Sarah Jane Weaver: Yeah, there is something about him that he takes to these nations. And think about a prophet going to the people and then addressing them in their own language, and doing it in a way that elevates nations. So, I was thinking this week about being in Peru, and we’re outside the presidential palace in Peru, and President Nelson pauses before he goes in and there’s a tour group not too far away, and the director of that tour group, who is not a Latter-day Saint —
Sister Sheri Dew: A tour group, I think, of Americans. They were speaking English, right?
Sarah Jane Weaver: Yeah. And the woman had obviously not had any contact with the Church or its leaders, because she immediately looked at President Nelson and said, “Who was that man?” And one of you said, “He’s a prophet,” and do you remember — she spun on the spot and yelled, “Will you bless Peru?” She had so much confidence in what she was feeling from him, that it was like this plea: “Please help our country,” and I remember at the end of the devotional that night, he did that. He actually left a blessing on the land and the people of Peru.
Sister Sheri Dew: I think we’ve watched that kind of thing. I’m glad you told that, because I’d forgotten that interchange, and that was an amazing moment with that tour guide. But I think we’ve seen that over and over and over again, where you watch the people watching the president.
Another place that happened is after he had met with the Pope. Watching President Nelson, President [M. Russell] Ballard, Elder [Massimo] De Feo and Elder [Alessandro] Dini Ciacci — now they’re walking down the street in front of St. Peter’s, so that’s a picture that’s just fantastic, iconic, and we’re there waiting for him so that we can interview them about the experience they’ve just had with the Pope. But then watching the people gathering, as we talked to these men that they wouldn’t have possibly known. That was also interesting. I was kind of walking around the outside, and I was fascinated by the people who were fascinated, watching this interview that was taking place with men they didn’t know. So right in the heart of Roma.
Sarah Jane Weaver: Well, and I loved the fact that President Nelson goes to Italy — all of the Quorum of the Twelve and the First Presidency are in Italy and would later take that iconic picture at the Rome Italy Temple — and yet, when President Nelson goes to meet with the Pope, he took local leaders. He took Elder De Feo, who has roots in Italy, and he took Elder Dini Ciacci, who is the local Area Seventy in that country, and I thought that was so sweet that he would acknowledge and give someone the opportunity from that nation.
Brother Michael Colemere: That trip is so extraordinary in so many ways — we could spend a podcast just on that trip alone — because of just how many special and important things that happened on that trip.
I love how this Prophet decided to bring all of the Brethren, all 15 of them, and that’s never happened in the Church, where they’ve all traveled together internationally, and to watch the faces of them and just see the happiness. One of the greatest videos is done by — Sarah, I think you did it — the “Band of Brothers” one where the Brethren were walking out in their whites to take the pictures — it’s one of my favorite videos. But President Nelson didn’t even hesitate to say, “No, my Brethren are coming with me on this trip,” because it was significant.

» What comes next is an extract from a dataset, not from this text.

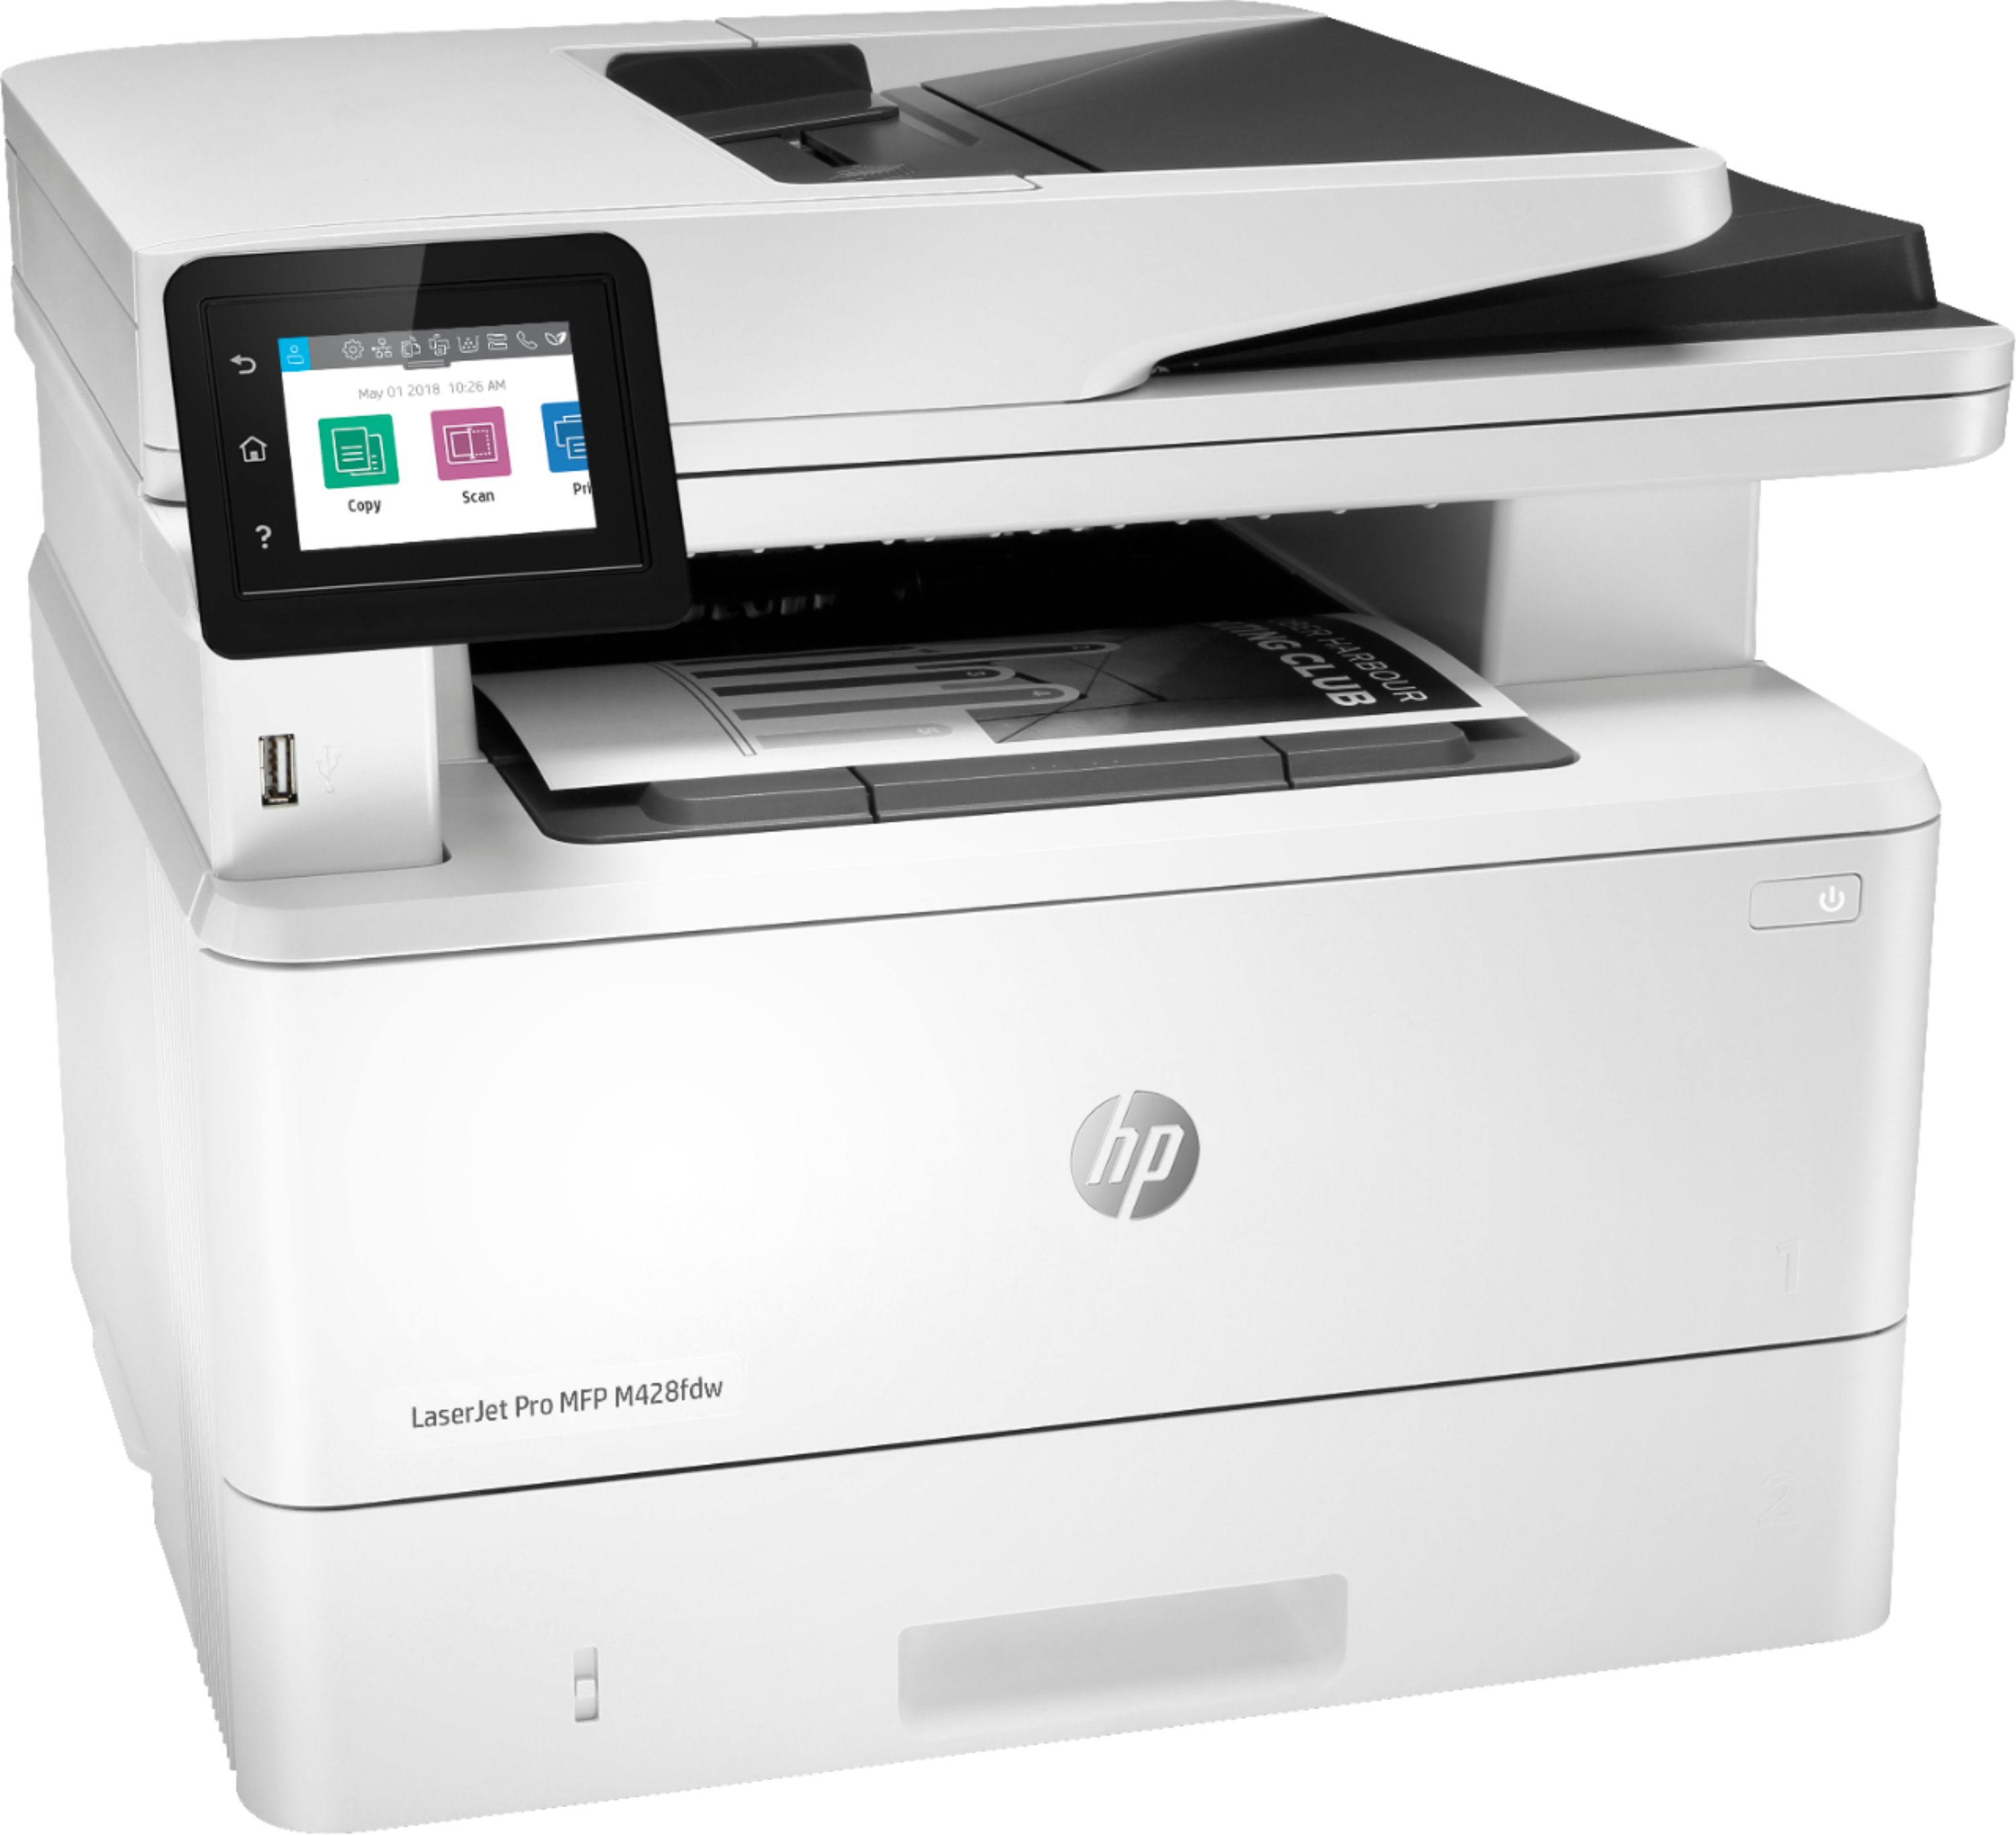 Angle View: HP - Neverstop MFP 1202w Wireless Black-And-White All-In-One Laser Printer - White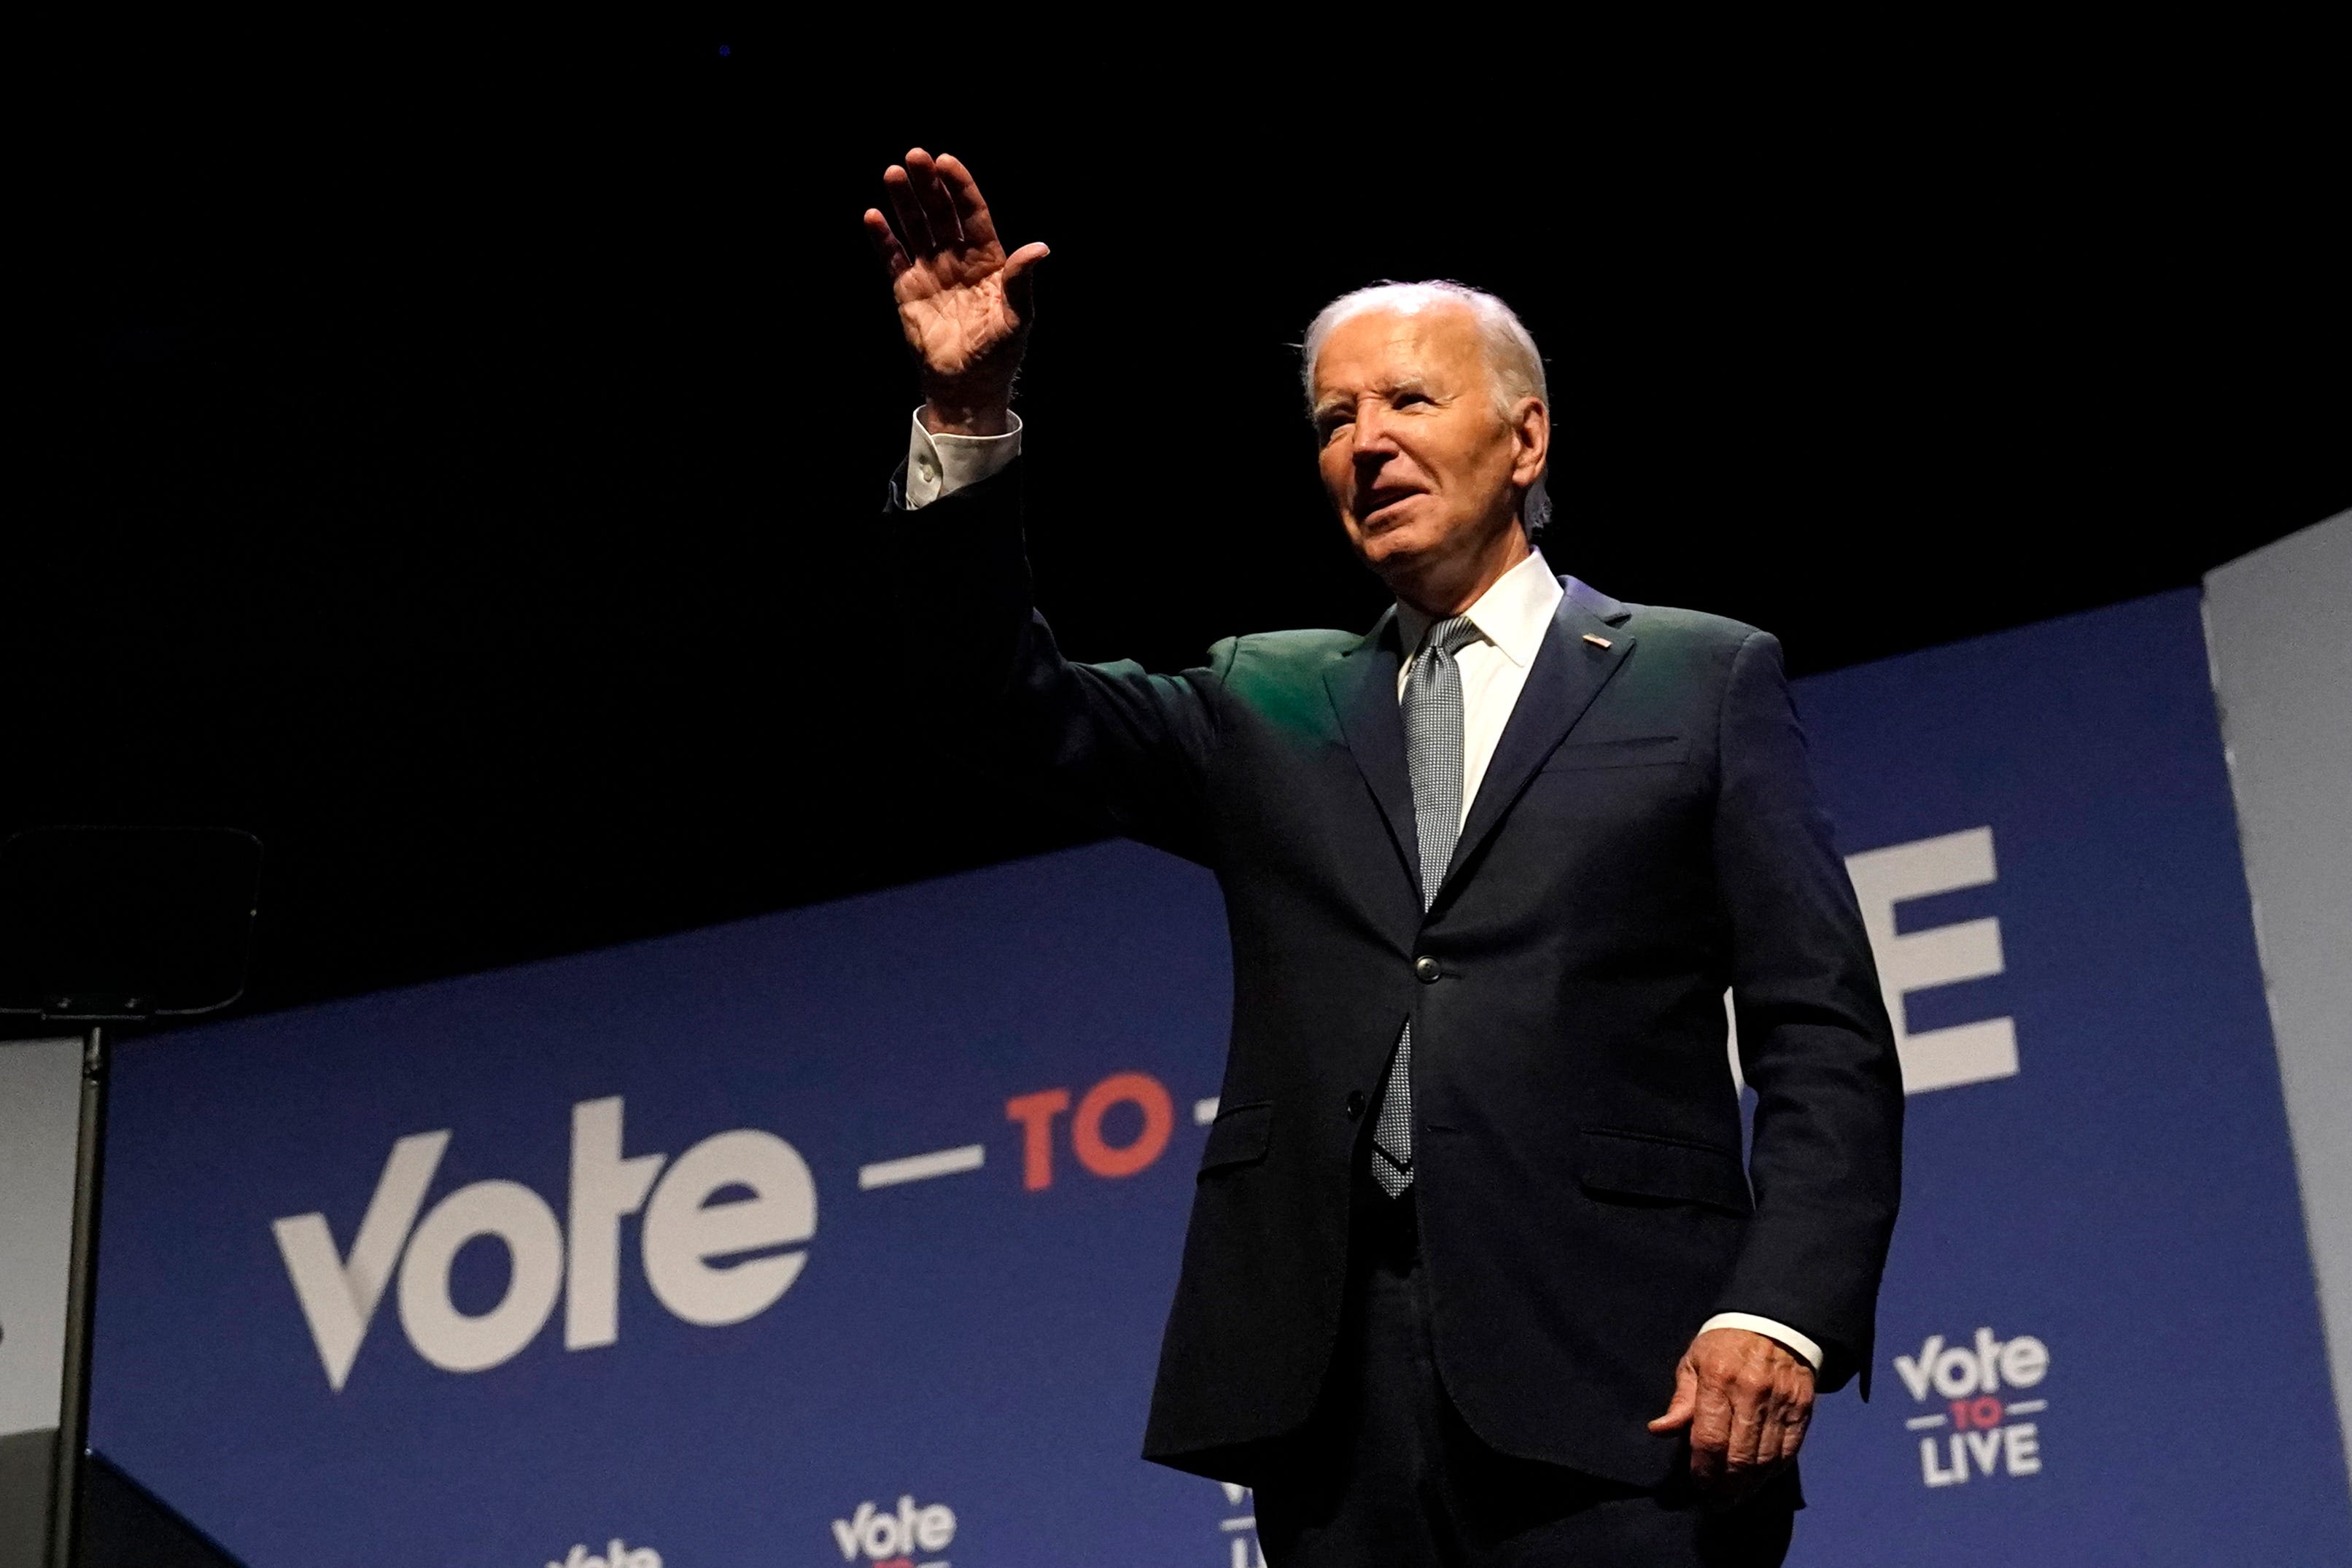 Democrats to hold off on early nomination of President Biden this month amid party outcry

When he met with the Pope too — this is a great story — so Elder De Feo and Elder Dini Ciacci talked to us about when they go into the Pope’s office and he comes in, they’re standing there, the pope comes up to greet them. President Nelson walks right up to him, grabs his arms, and the Brethren are thinking, “Can he do that?” And he walks up, and he looks in the Pope’s face, and says, “Thank you for coming. We’re so grateful.” And they sat and just studied one another and talked, and in the end, they embraced. I remember President Nelson saying to Sheri, “I feel like we became fast friends, and we could see in each other’s eyes.” I mean, the burden both of them have with trying to lead bodies of members in their church, and it was a beautiful expression of him gaining the confidence of world leaders, whether it’s children, others but world leaders, when government leaders constantly are looking to him and are grateful for his counsel.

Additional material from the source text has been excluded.